Com uma máquina que consome em média 10 litros por hora, há um gasto desnecessário de 300 litros. “Se utilizarmos um custo de litro do diesel de R$ 2, teremos um gasto extra de R$ 600 no mês e de R$ 7.200 no ano”, contabiliza Barbosa, da New Holland Construction. “Essas informações permitem ver onde cortar despesas extras e, nesse caso, um treinamento com o operador pode ser uma boa solução”, comenta.

As metas a serem perseguidas também precisam ser mensuráveis, possibilitando o cálculo da redução de custo e do aumento da lucratividade. “Lembre-se de definir ciclos de análise. Os objetivos, sempre claros e alcançáveis, precisam ser permanentemente analisados para adequação e definição de novos escopos”, destaca Corradi, da Engecompany.

Deve-se também levar em consideração a opinião de todos os afetados pela nova tecnologia, desde operadores até os responsáveis por uma frente de trabalho.

“Quando a tecnologia é bem aplicada, os benefícios são facilmente percebidos por meio da diminuição de despesas de operação e aumento de produção”, afirma César, da Case Construction Equipment. “A redução de custo pode chegar à casa de 30%”, acrescenta Lima, do Dimep Sat.

Há também ganhos intangíveis, como a melhora da imagem da empresa a partir do aperfeiçoamento da gestão e, consequentemente, da prestação de serviço. “Além da possibilidade de tomada de decisões mais precisas, baseando-se em informações de qualidade e rapidamente disponíveis”, conclui Claudio Rogério Duarte, diretor-presidente da DN4 Tecnologia.

 

Experiência concreta: a tecnologia garante produtividade

Na Loctrator, a gestão tecnológica garante produtividade. Em 2007, a empresa deu os primeiros passos no monitoramento dos equipamentos via GPS por meio de sistemas fornecidos pelos fabricantes.

“Começamos de maneira tímida e, conforme fomos ganhando experiência, participamos também dos processos de melhorias”, lembra Rafael Briard, engenheiro de manutenção da empresa. “Foi quando, em 2012, optamos por estender a cobertura para todos os equipamentos e viaturas, visando a um melhor acompanhamento e à garantia de disponibilidade e menor custo de manutenção”, completa.

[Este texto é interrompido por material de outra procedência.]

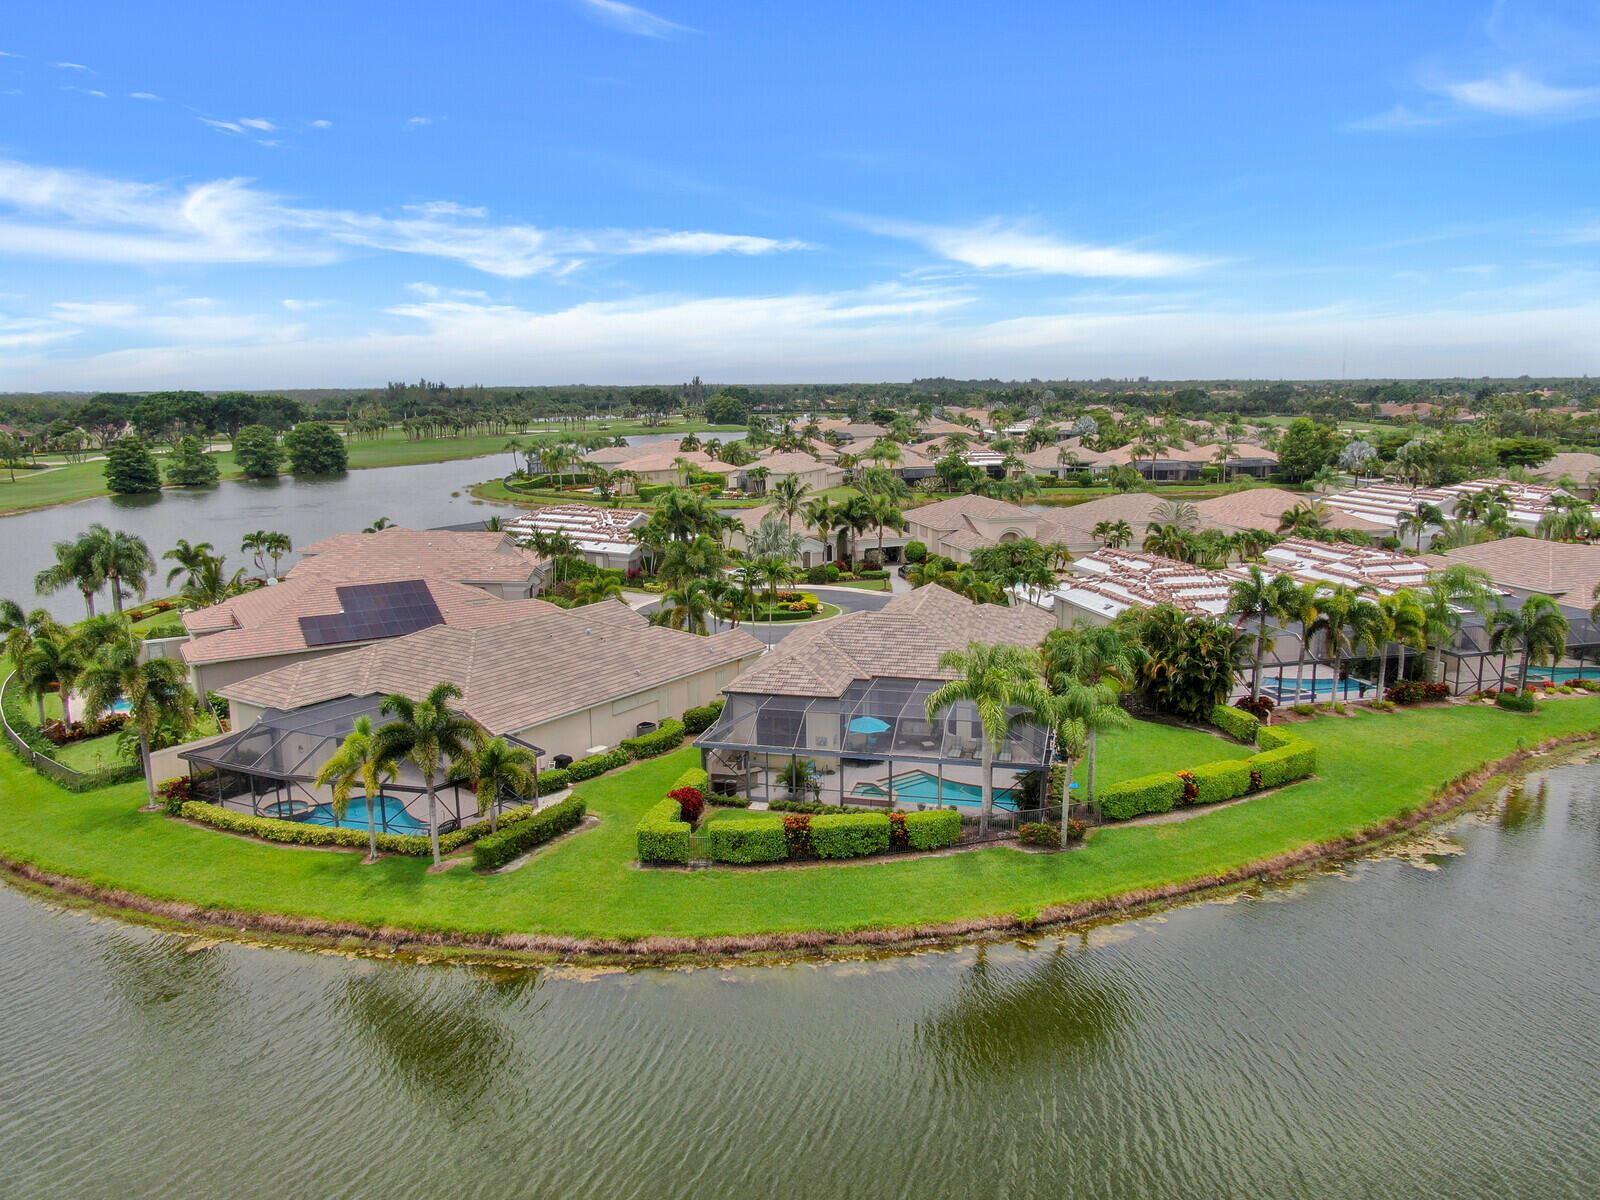 Photo of 7781 Blue Heron Way, West Palm Beach, FL 33412 (MLS # RX-10730745)

O monitoramento proporciona uma ampla supervisão das máquinas. Por exemplo, com o horímetro controla-se a agenda das intervenções necessárias. “Acompanhamos o sistema diariamente. Nele, é possível inserir os tipos de alerta e definir intervalos”, detalha. “Há um alerta emitido a cada 250 horas trabalhadas para cada equipamento, o que permite fazer a programação das paradas com segurança.”

Além disso, existe o benefício de se obter, em tempo real, a localização dos equipamentos durante a jornada de trabalho ou o transporte. “Para as máquinas que podem se deslocar facilmente, como para obras de saneamento, alia-se uma maior segurança contra roubos e deslocamentos indevidos. E, como já ocorreu, permite a fácil localização para socorros mecânicos”, diz, satisfeito.

A monitoria ainda favorece a conferência das medições para a checagem das horas produtivas ou paradas. O sistema permite relatórios diversos, seja para manutenção, seja para acompanhamento e verificações. Enfim, permite a total telemetria da máquina.

Para Briard, é essencial realizar um rigoroso controle de manutenção e adotar ações no equipamento para assegurar a confiabilidade e retorno previstos quando de sua compra. “Devido ao cenário atual, com preços muito competitivos, uma quebra que exija manutenção corretiva onerosa pode acabar com o lucro de um grande contrato. Existem poucas empresas que realmente põem na ponta do lápis o resultado gerado por cada máquina, e esse tipo de tecnologia é um grande aliado para garantir eficiência, produtividade e retorno com a sustentabilidade do negócio”, destaca.